EPA chief says clean drinking water is bigger threat
Washington – Unsafe drinking water, not climate change, is the world’s most immediate public health issue, Environmental Protection Agency administrator Andrew Wheeler contended Wednesday.
Environmental groups responded by saying the Trump administration was neglecting – or worsening – both health threats.
Wheeler made his case for a shift in public focus in a CBS News interview that aired Wednesday, and in a speech later in the day in Washington on global water issues.
Wheeler told CBS News that climate change is “an important issue” but that most of the threats it poses are “50 to 75 years out.”
He said it was “unreasonable” for 2020 Democratic candidates to pay so much attention to it.
The Natural Resource Defense Council responded by citing the damage and deaths from hurricanes Harvey and Maria in 2017, and from back-to-back years of record wildfires in California.
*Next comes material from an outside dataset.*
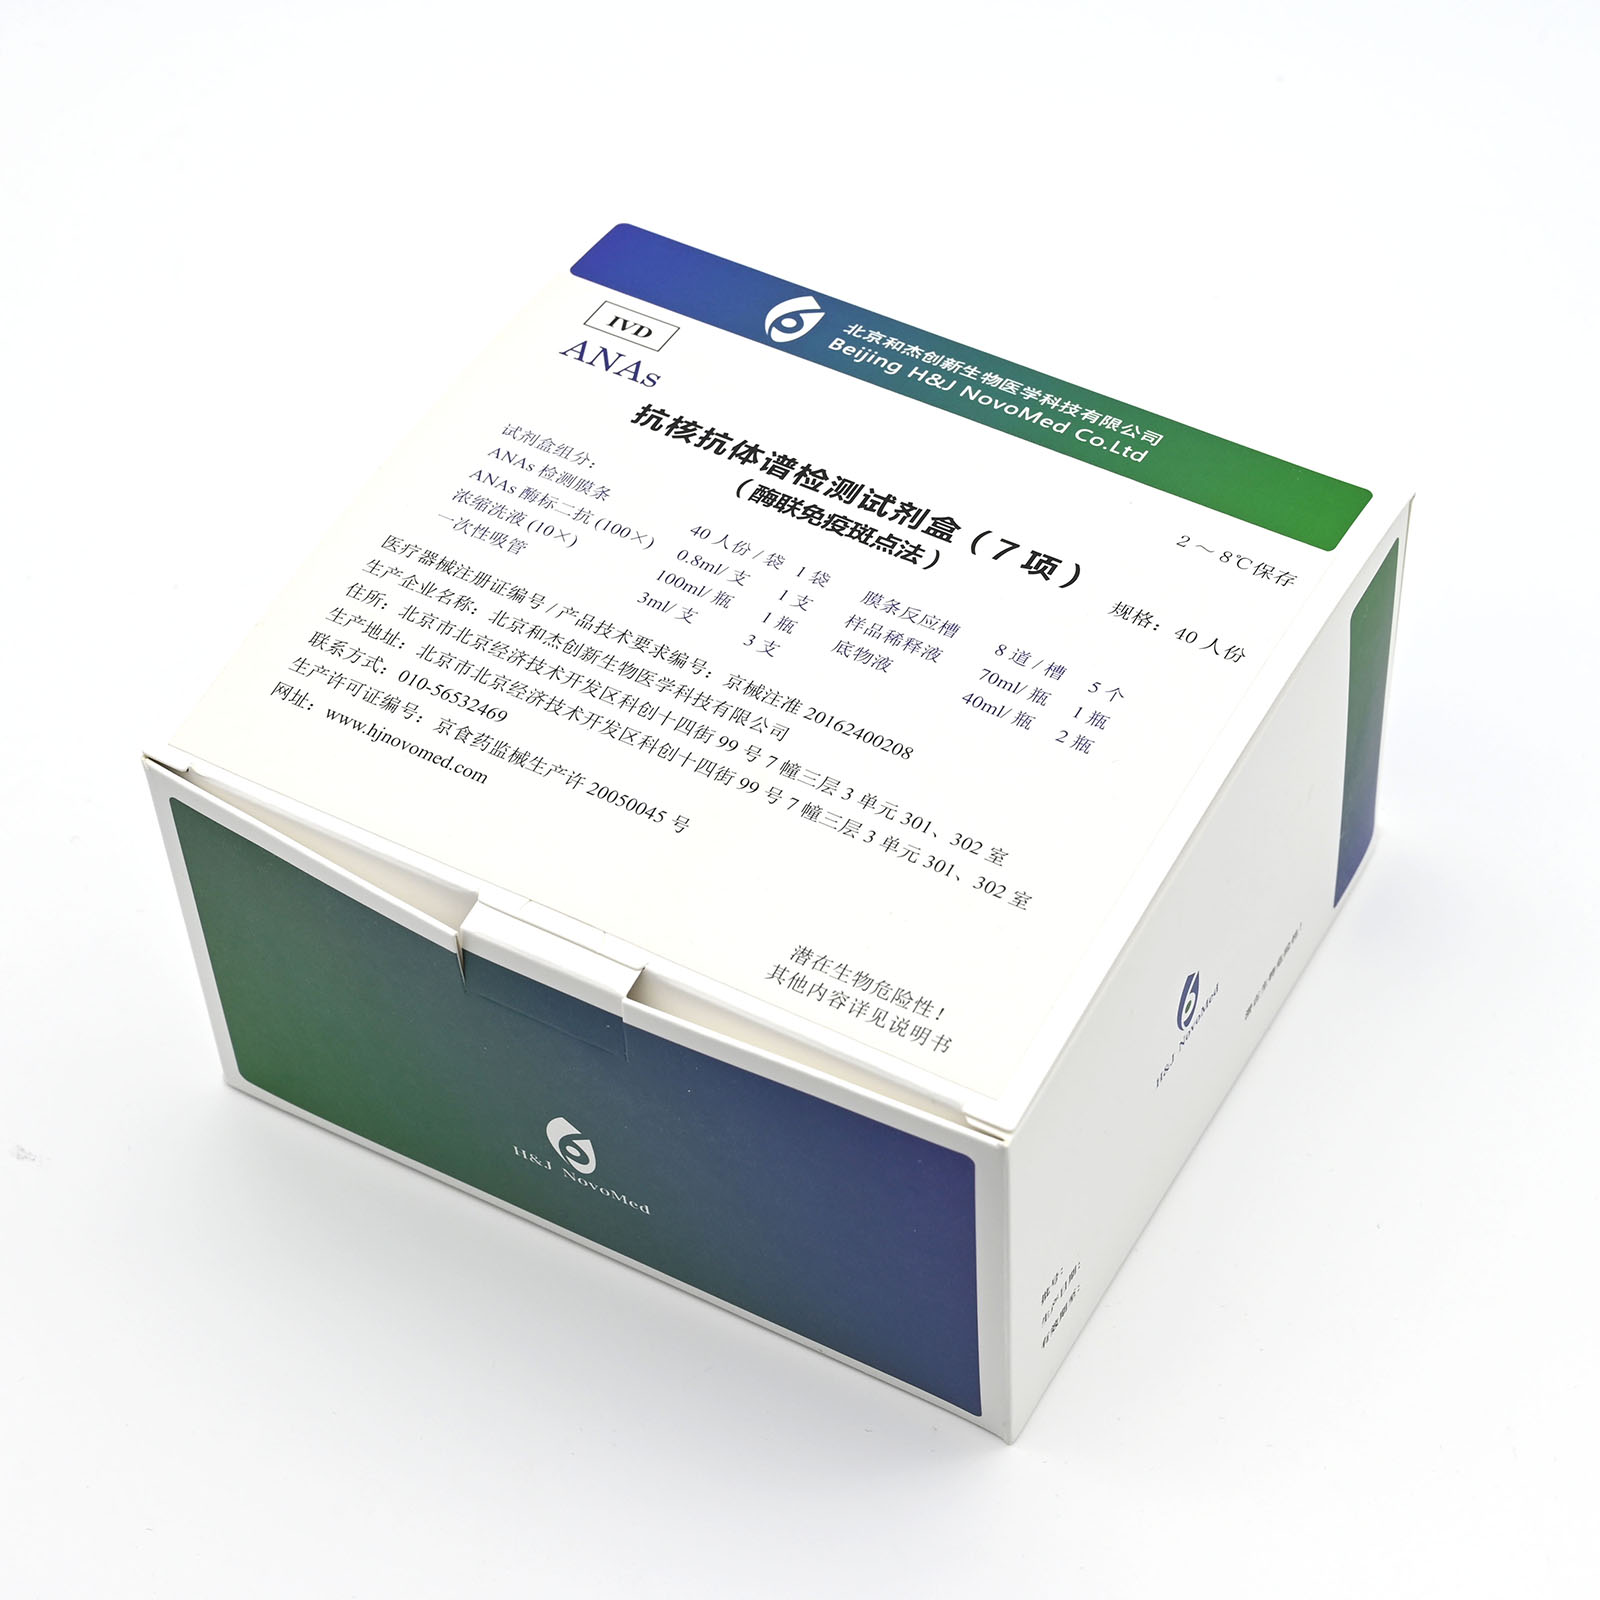 【和杰】抗核抗体谱检测试剂盒(酶联免疫斑点法)/7项

“Wheeler’s claim is off by about 50 to 75 years,” NRDC spokesman Jake Thompson said in an email. “Climate change and its impacts are here today, and getting worse soon.”
Wheeler’s low-key assessment of any immediate danger from climate change is in line with that of the Trump administration overall, which is working to open more public lands for oil and gas development and to prop up the flagging domestic coal industry.
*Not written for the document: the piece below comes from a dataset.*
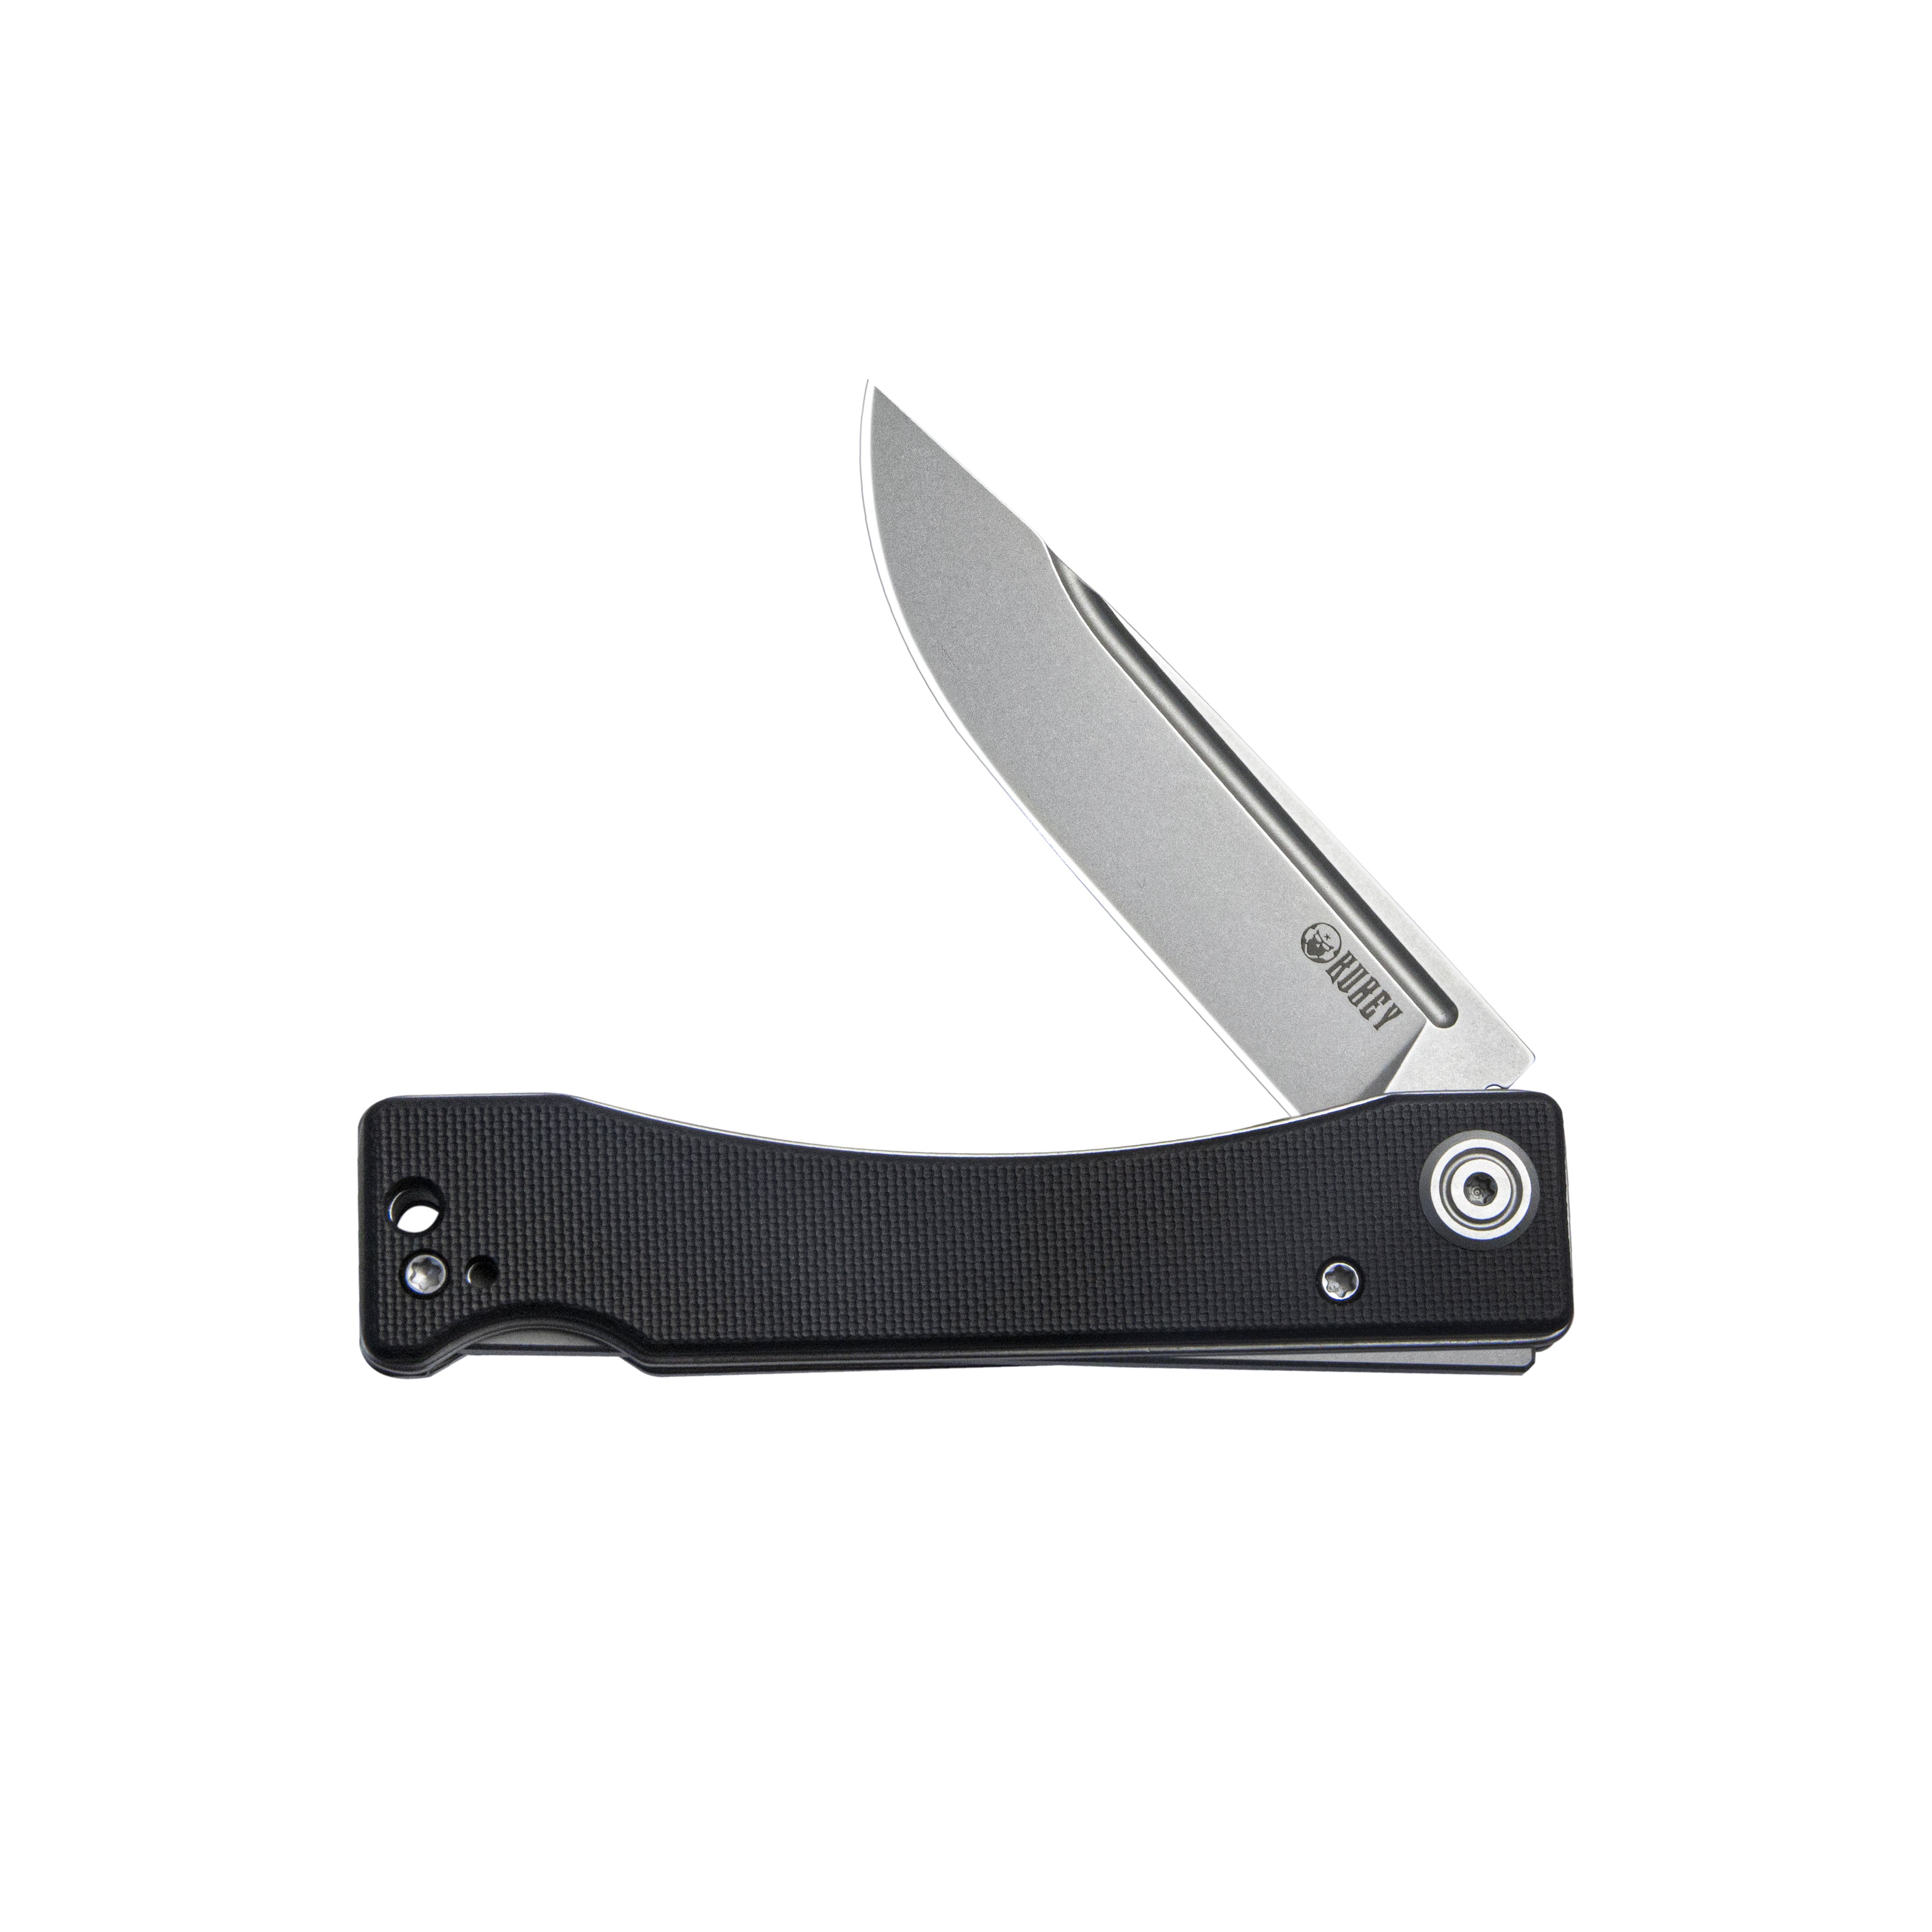 Kubey Akino Lockback Pocket Folding Knife Black G10 Handle 3.15" Bead Blasted Sandvik 14C28N KU2102A

President Donald Trump at times belittles the warnings on climate change coming from scientists in and out of his government.
“Wouldn’t be bad to have a little of that good old fashioned Global Warming right now!” Trump tweeted during a cold snap in January.
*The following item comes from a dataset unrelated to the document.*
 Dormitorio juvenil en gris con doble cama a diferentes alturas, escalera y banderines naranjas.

The federal government’s own climate assessment last year concluded climate change caused by oil, gas and coal emissions already is hitting the United States.
Weather extremes such as flooding, hurricanes and drought “have already become more frequent, intense, widespread or of long duration,” the report, compiled by scientists at EPA and other federal agencies, said.
Climate scientists say the world needs to act quickly and sweepingly to curb emissions and stave off the worst extremes of climate change.